Cyclotomic analogues of finite multiple zeta values

TL;DR

This paper introduces cyclotomic analogues of finite multiple zeta values, establishing algebraic relations among them and providing evidence for conjectures linking different types of multiple zeta values.

Contribution

It defines cyclotomic analogues of FMZVs, explores their relations, and supports conjectures connecting FMZVs and SMZVs through algebraic and analytic methods.

Findings

Finite multiple harmonic q-series specialize to FMZVs and SMZVs.

Linear relations among these series induce relations among FMZVs and SMZVs.

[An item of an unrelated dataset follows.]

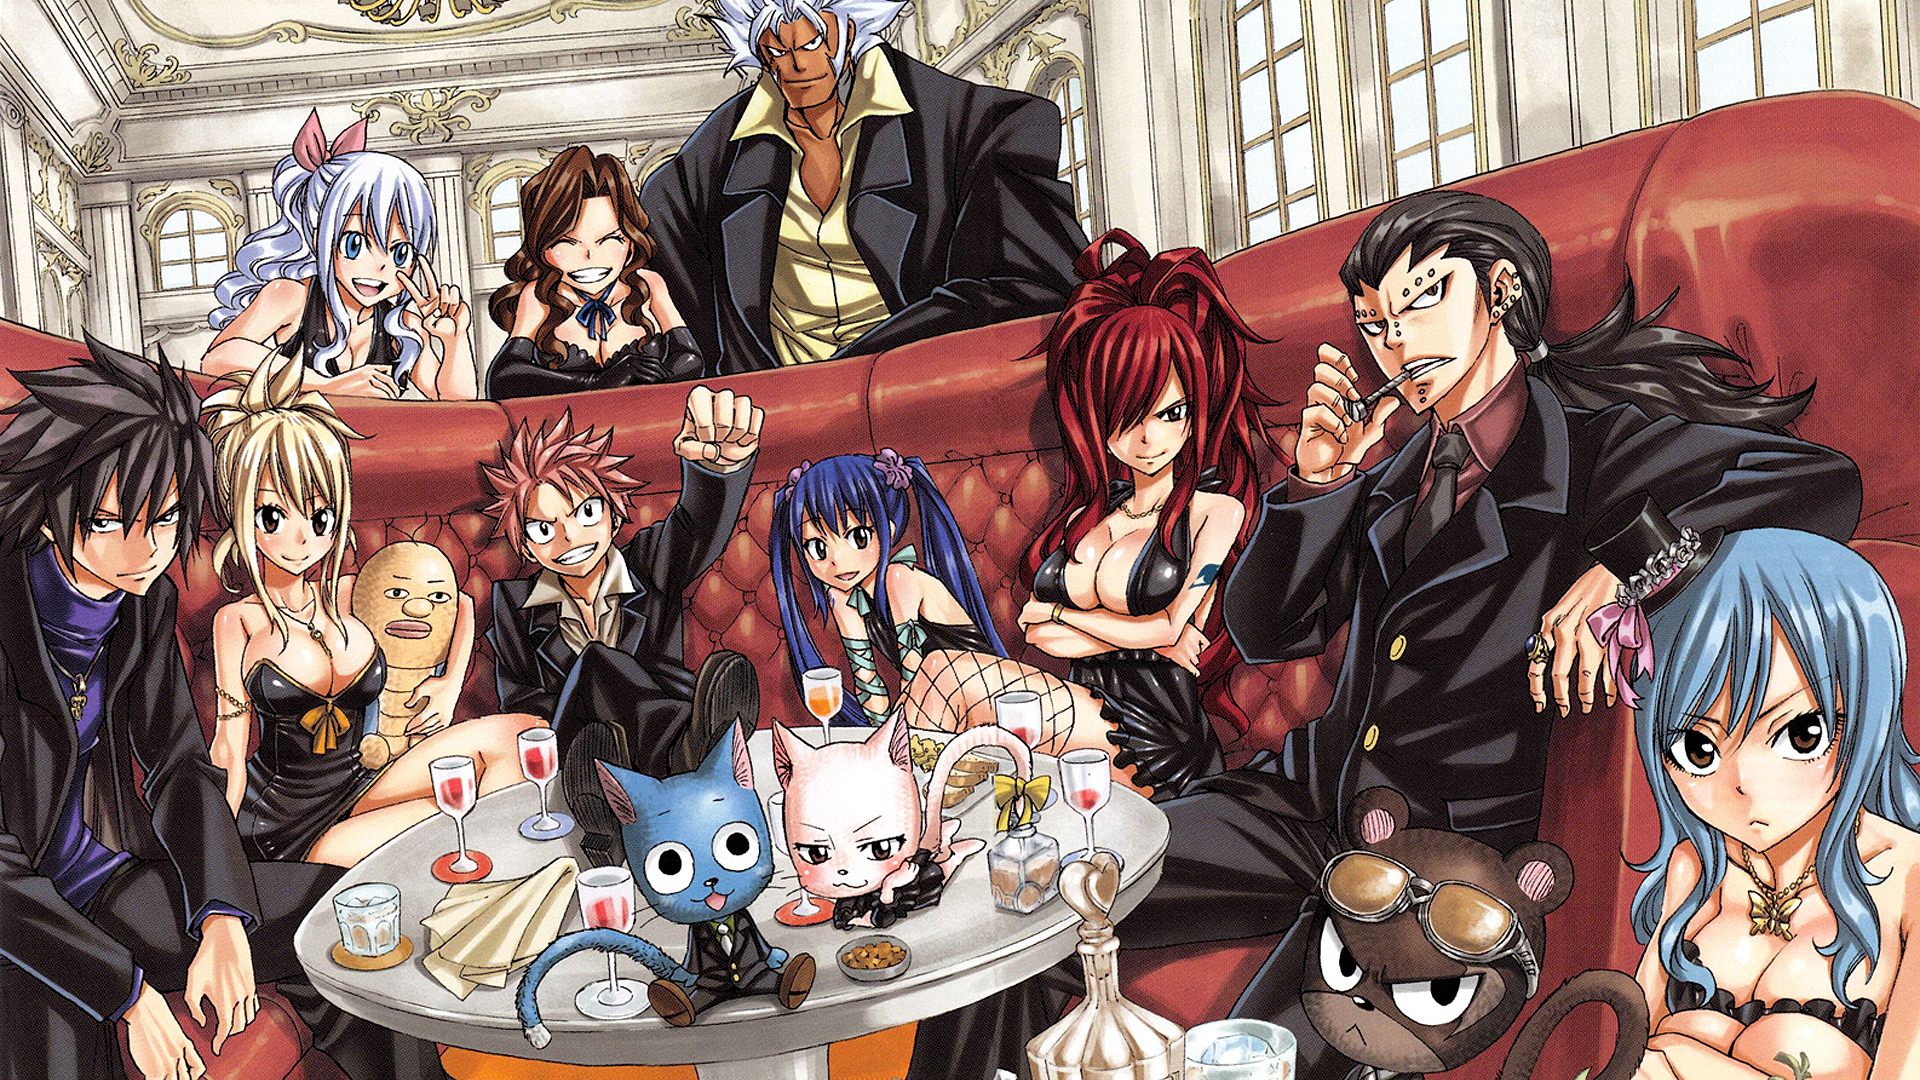 Fairy Tail Natsu Dragneel Lucy Heartfilia Happy Fairy Tail Erza Scarlet Wendy Marvell Gray Fullbuste 1920x1080

Cyclotomic analogues potentially generate a vector space of the same dimension as the original series.

Abstract

We introduce the notion of finite multiple harmonic q-series at a primitive root of unity and show that these specialize to the finite multiple zeta value (FMZV) and the symmetrized multiple zeta value (SMZV) through an algebraic and analytic operation, respectively. Further, we obtain families of linear relations among these series which induce linear relations among FMZVs and SMZVs of the same form. This gives evidence towards a conjecture of Kaneko and Zagier relating FMZVs and SMZVs. Motivated by the above results, we define cyclotomic analogues of FMZVs, which conjecturally generate a vector space of the same dimension as that spanned by the finite multiple harmonic q-series at a primitive root of unity of sufficiently large degree.